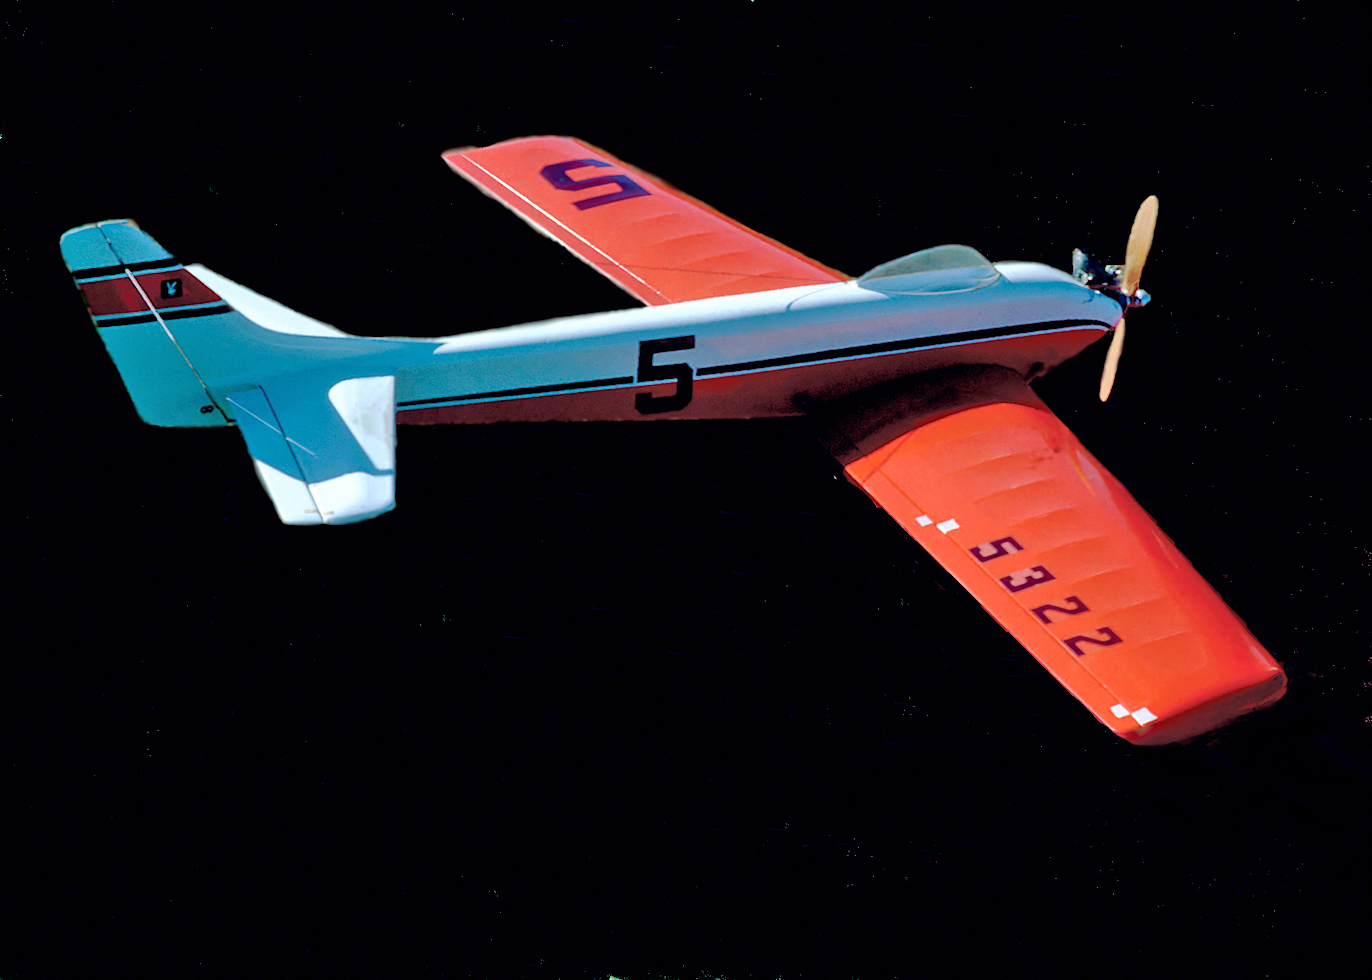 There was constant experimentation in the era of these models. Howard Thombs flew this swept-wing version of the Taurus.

-=-=-=-=-

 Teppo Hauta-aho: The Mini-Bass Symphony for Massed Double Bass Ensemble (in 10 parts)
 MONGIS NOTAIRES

-=-=-=-=-

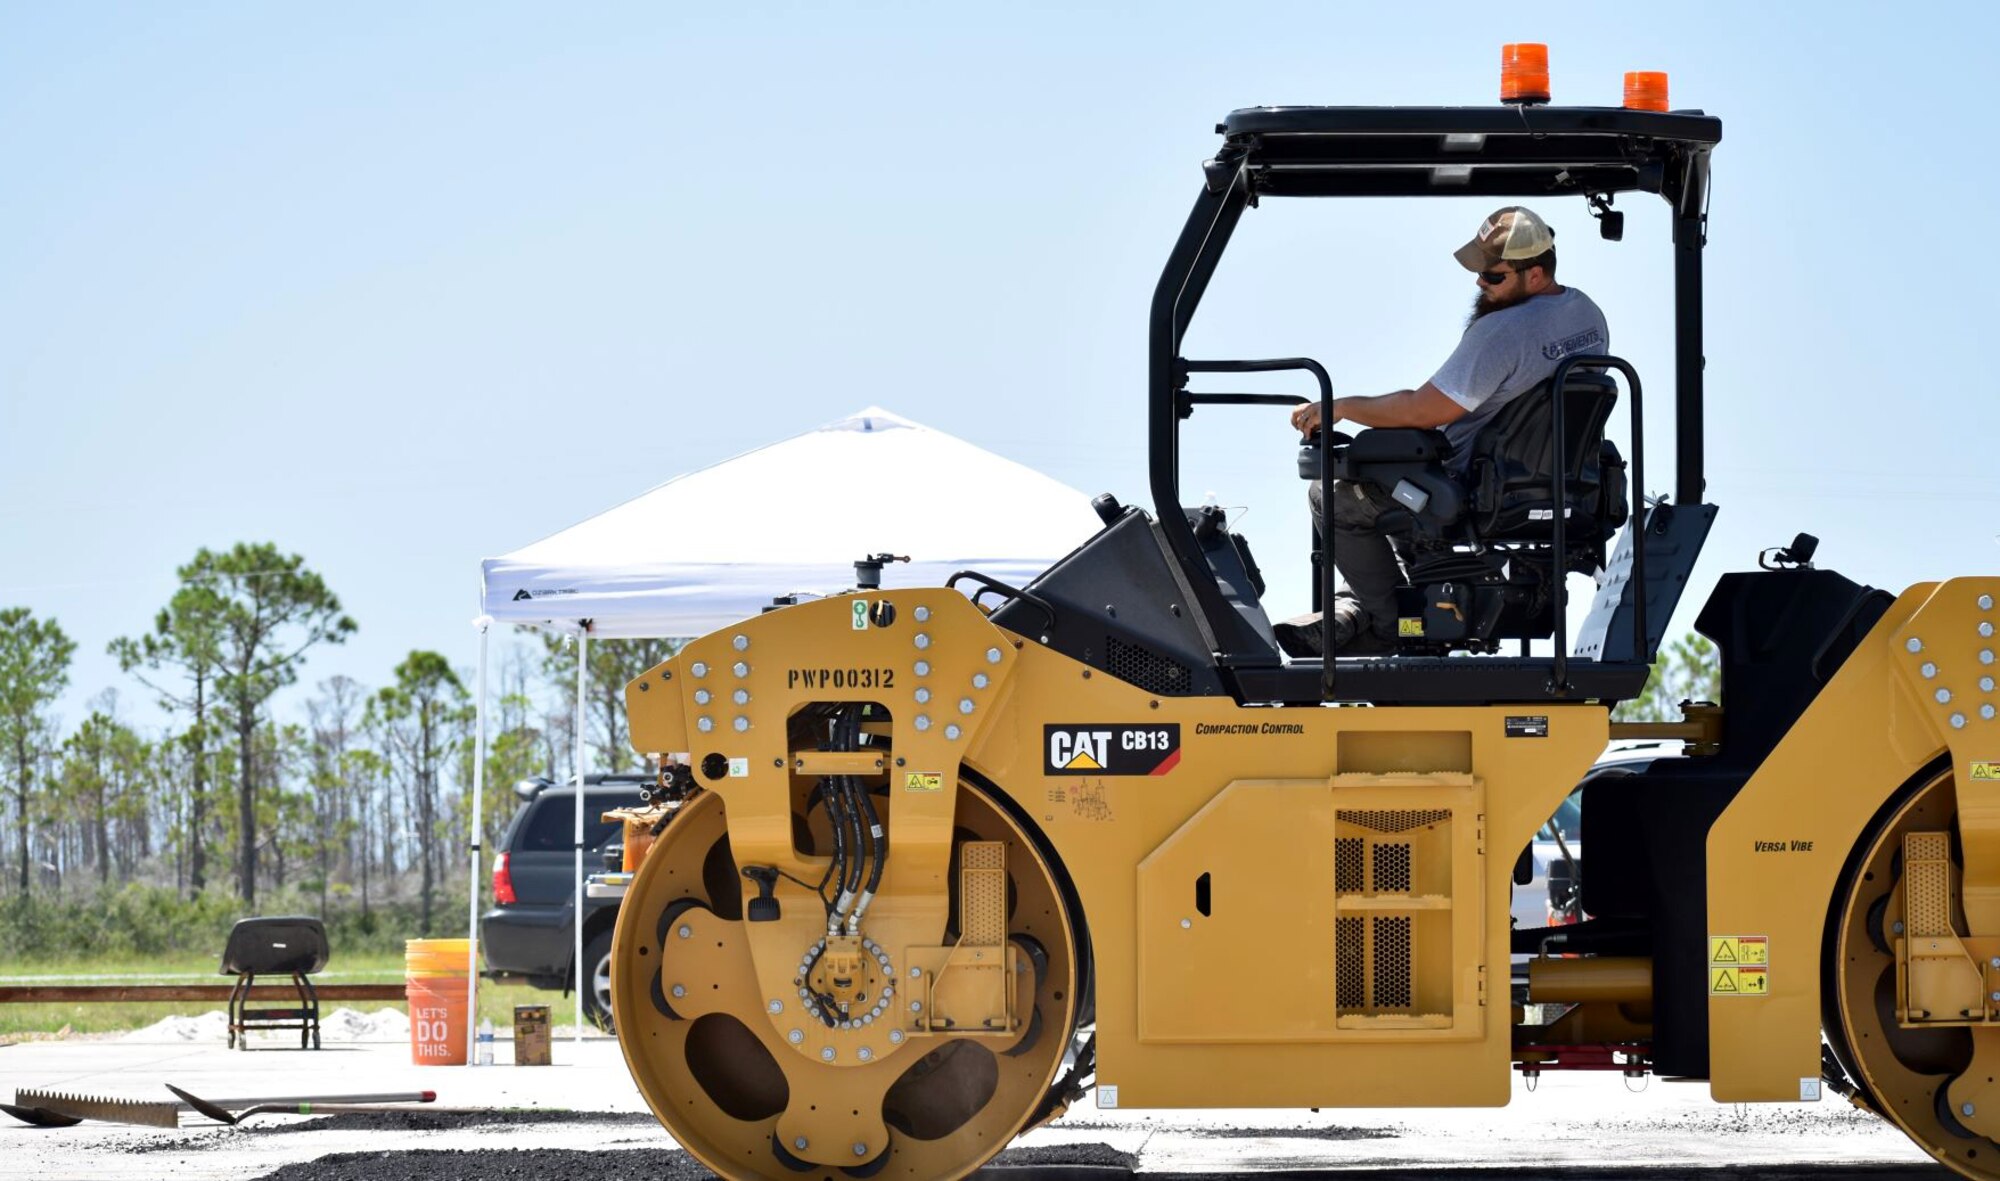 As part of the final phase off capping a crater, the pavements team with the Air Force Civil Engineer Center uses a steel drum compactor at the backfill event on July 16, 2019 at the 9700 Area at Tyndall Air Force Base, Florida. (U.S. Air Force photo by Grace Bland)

-=-=-=-=-

## The task:
From the material above, set down exactly the lines starting at the one with "Teppo Hauta-aho: The" and ending at the one with "MONGIS NOTAIRES", end lines included.

## Answer section:
 Teppo Hauta-aho: The Mini-Bass Symphony for Massed Double Bass Ensemble (in 10 parts)
 MONGIS NOTAIRES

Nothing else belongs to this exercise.